Oscar Best Picture Nominees: 127 Hours, Black Swan, The Fighter, Inception, The Kids Are All Right, The King’s Speech (WINNER), The Social Network, Toy Story 3, True Grit, Winter’s Bone.
Inception and Toy Story 3 share the distinction of being the only movies in the the top 10 box office and Oscar Best Picture entries which may in some sense served as justification for the Oscars to open the slate up to ten nominees. But as with The Hurt Locker becoming the lowest-grossing Best Picture winner the year before, having ten nominees also turned out to be a boon for allowing a diversity of indie projects to crash the party (with the women-directed movies The Kids are All Right and Winter’s Bone leading the way). But after choosing a bold winner the year before, the Academy reverted to its middle-brow ways, choosing The King’s Speech – an old-fashioned and dusty war-time drama that harkened back to Hollywood of old – over what is unquestionably one of the best movies of the century. Color me surprised.
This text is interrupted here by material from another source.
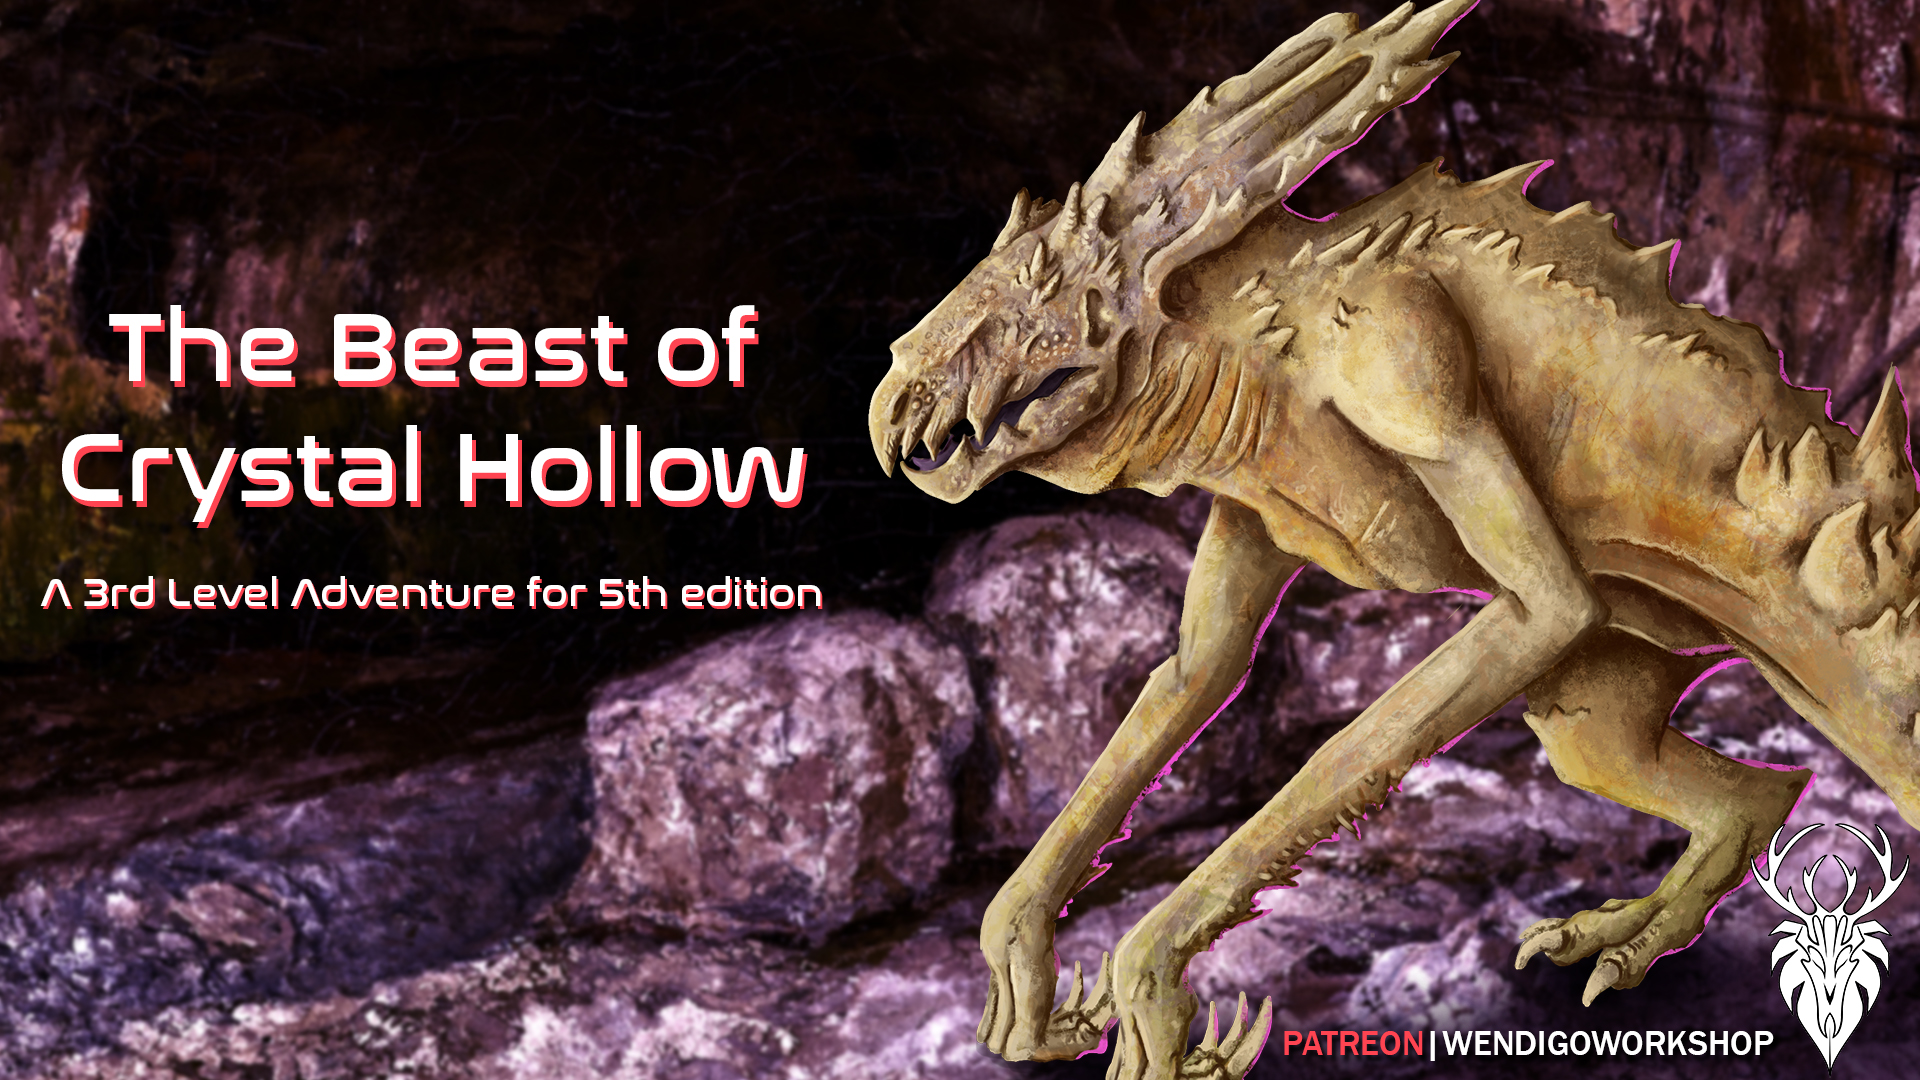 The Beast of Crystal Hollow

25. BILL CUNNINGHAM NEW YORK dir. Richard Press
Bill Cunningham New York feels like a joyous eulogy to a passing way of life. The portrait of the reclusive but joyful photographer who captured fashion trends from his bicycle both high and low for the New York Times for nearly 40 years is so lovingly crafted that you cannot help but smile watching it. And as it chronicles the twilight years of the living legend, it also wistfully reminds us of all the other things that have similarly faded away in the intervening years like print newspapers and analog photography, even as it anticipates our more cynical digital age. But more than anything Bill Cunningham New York is the rare documentary that dives deep into this enigmatic man’s life while still leaving him tantalizingly mysterious by movie’s end.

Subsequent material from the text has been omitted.